*** Opening of SOURCE DATA ***

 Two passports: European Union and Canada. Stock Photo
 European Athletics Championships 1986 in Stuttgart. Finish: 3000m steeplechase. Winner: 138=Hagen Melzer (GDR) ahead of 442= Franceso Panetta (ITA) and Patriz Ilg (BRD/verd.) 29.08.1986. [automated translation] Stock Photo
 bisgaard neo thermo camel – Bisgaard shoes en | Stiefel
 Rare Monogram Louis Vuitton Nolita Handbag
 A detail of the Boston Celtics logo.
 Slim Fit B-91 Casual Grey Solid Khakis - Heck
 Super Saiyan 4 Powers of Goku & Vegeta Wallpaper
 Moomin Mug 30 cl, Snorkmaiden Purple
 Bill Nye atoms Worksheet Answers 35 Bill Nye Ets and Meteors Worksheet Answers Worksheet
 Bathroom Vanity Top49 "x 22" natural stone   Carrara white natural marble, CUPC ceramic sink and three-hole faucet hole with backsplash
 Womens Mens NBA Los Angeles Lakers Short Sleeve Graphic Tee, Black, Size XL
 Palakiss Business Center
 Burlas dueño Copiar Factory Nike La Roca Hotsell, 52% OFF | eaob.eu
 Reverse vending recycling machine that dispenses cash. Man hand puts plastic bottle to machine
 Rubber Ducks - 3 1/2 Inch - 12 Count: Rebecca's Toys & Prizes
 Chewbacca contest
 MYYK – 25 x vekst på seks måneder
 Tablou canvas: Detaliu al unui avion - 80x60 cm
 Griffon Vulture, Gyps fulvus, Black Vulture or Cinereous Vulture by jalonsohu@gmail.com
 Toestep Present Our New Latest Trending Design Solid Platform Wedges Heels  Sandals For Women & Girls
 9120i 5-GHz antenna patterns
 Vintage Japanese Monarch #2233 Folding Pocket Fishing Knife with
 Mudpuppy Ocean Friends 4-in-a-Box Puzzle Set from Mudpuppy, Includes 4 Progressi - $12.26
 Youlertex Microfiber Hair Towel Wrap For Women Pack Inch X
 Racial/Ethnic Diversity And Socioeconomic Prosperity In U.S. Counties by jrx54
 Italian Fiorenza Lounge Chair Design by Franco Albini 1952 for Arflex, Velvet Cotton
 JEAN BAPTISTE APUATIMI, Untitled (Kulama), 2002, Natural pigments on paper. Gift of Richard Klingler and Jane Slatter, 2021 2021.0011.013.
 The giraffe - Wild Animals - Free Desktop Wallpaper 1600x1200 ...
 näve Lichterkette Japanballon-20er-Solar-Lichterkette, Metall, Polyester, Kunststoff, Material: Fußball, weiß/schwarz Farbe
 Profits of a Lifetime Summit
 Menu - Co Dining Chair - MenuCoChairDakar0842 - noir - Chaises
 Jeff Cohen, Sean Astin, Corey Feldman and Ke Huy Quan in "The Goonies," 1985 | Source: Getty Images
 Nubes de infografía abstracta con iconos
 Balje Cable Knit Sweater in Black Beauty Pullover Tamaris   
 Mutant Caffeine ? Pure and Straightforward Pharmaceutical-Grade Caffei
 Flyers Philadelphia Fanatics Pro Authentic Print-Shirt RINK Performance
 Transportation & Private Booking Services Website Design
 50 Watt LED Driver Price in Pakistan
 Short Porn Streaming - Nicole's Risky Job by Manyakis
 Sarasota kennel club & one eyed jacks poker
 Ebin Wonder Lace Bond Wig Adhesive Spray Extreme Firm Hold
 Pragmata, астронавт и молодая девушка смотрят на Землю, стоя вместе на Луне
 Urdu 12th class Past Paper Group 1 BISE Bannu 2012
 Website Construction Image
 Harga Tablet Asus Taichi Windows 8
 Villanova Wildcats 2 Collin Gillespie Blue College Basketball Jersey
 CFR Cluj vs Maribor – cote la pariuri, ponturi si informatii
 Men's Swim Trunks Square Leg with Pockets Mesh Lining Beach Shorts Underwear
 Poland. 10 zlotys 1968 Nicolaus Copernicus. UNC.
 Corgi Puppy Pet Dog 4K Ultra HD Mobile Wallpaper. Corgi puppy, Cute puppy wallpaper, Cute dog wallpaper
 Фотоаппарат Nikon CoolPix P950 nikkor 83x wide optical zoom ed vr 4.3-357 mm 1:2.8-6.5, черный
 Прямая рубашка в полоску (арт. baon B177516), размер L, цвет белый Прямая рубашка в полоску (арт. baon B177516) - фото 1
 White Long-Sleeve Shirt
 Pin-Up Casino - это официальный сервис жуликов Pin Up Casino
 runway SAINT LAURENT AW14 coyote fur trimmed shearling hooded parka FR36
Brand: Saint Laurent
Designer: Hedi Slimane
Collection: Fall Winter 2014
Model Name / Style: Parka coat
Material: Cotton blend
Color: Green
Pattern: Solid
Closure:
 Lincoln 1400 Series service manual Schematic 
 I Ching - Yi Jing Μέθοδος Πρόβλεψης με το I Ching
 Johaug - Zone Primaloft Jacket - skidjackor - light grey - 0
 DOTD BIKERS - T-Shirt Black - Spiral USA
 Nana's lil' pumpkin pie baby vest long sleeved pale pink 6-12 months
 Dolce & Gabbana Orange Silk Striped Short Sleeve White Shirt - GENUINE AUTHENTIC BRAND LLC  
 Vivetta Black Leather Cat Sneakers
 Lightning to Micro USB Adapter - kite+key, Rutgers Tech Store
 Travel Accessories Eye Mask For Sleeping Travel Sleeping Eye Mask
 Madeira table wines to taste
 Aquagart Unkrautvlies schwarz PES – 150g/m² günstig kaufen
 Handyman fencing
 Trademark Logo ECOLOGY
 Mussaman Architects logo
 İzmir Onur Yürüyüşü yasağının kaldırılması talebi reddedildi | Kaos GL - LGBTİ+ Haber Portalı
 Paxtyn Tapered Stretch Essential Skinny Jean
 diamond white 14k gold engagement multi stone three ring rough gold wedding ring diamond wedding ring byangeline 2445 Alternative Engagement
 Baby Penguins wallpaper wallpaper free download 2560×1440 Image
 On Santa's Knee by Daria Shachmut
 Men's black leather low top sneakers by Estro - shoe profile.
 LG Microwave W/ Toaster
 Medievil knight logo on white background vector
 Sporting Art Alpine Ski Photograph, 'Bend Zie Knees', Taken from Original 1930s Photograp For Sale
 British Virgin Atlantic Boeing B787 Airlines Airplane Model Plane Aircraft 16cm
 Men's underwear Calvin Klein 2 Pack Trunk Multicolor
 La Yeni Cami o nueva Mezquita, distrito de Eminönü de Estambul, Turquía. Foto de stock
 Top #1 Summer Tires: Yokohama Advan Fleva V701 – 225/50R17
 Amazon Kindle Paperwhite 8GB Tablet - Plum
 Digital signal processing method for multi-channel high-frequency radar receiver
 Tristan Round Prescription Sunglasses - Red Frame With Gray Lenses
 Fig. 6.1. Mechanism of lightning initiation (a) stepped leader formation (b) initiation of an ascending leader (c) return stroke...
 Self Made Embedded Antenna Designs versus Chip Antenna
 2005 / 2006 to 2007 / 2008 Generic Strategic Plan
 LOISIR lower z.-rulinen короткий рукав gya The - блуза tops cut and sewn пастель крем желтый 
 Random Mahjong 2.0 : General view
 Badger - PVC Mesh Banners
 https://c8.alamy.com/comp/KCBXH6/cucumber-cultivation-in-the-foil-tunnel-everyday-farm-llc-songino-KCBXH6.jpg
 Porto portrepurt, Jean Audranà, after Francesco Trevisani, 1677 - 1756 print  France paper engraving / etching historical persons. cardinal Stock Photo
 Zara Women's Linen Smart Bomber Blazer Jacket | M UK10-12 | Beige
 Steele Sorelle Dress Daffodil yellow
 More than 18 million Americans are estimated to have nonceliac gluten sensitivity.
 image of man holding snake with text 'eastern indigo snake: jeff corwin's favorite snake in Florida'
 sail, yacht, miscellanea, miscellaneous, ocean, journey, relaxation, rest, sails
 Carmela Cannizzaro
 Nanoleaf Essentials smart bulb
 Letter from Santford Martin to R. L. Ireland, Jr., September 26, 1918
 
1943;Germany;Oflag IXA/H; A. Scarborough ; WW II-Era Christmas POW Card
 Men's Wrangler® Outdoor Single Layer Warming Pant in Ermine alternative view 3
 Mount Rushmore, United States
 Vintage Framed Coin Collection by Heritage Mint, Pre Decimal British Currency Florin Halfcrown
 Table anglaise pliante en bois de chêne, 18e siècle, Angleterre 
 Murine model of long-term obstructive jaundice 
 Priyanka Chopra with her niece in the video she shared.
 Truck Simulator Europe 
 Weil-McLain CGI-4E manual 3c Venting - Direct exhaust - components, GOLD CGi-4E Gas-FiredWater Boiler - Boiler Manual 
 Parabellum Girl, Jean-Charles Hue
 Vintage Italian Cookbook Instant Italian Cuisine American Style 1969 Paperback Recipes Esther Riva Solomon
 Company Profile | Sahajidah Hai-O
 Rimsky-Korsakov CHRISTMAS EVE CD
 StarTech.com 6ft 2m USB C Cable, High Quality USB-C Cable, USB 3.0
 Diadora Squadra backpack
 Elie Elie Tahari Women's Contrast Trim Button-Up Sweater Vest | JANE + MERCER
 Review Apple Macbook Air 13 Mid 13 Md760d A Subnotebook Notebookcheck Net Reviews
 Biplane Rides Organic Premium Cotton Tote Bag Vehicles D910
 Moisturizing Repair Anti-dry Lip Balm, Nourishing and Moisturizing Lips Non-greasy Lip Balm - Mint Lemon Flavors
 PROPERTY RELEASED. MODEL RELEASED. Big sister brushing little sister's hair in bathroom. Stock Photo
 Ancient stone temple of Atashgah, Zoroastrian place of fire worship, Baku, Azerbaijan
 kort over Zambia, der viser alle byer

*** Close of SOURCE DATA ***

TASK TO CARRY OUT:
Nothing but the lines from the start of the data above through the line with "Burlas dueño Copiar" should appear in your answer, copied exactly.

SOLUTION TO THIS TASK:
 Two passports: European Union and Canada. Stock Photo
 European Athletics Championships 1986 in Stuttgart. Finish: 3000m steeplechase. Winner: 138=Hagen Melzer (GDR) ahead of 442= Franceso Panetta (ITA) and Patriz Ilg (BRD/verd.) 29.08.1986. [automated translation] Stock Photo
 bisgaard neo thermo camel – Bisgaard shoes en | Stiefel
 Rare Monogram Louis Vuitton Nolita Handbag
 A detail of the Boston Celtics logo.
 Slim Fit B-91 Casual Grey Solid Khakis - Heck
 Super Saiyan 4 Powers of Goku & Vegeta Wallpaper
 Moomin Mug 30 cl, Snorkmaiden Purple
 Bill Nye atoms Worksheet Answers 35 Bill Nye Ets and Meteors Worksheet Answers Worksheet
 Bathroom Vanity Top49 "x 22" natural stone   Carrara white natural marble, CUPC ceramic sink and three-hole faucet hole with backsplash
 Womens Mens NBA Los Angeles Lakers Short Sleeve Graphic Tee, Black, Size XL
 Palakiss Business Center
 Burlas dueño Copiar Factory Nike La Roca Hotsell, 52% OFF | eaob.eu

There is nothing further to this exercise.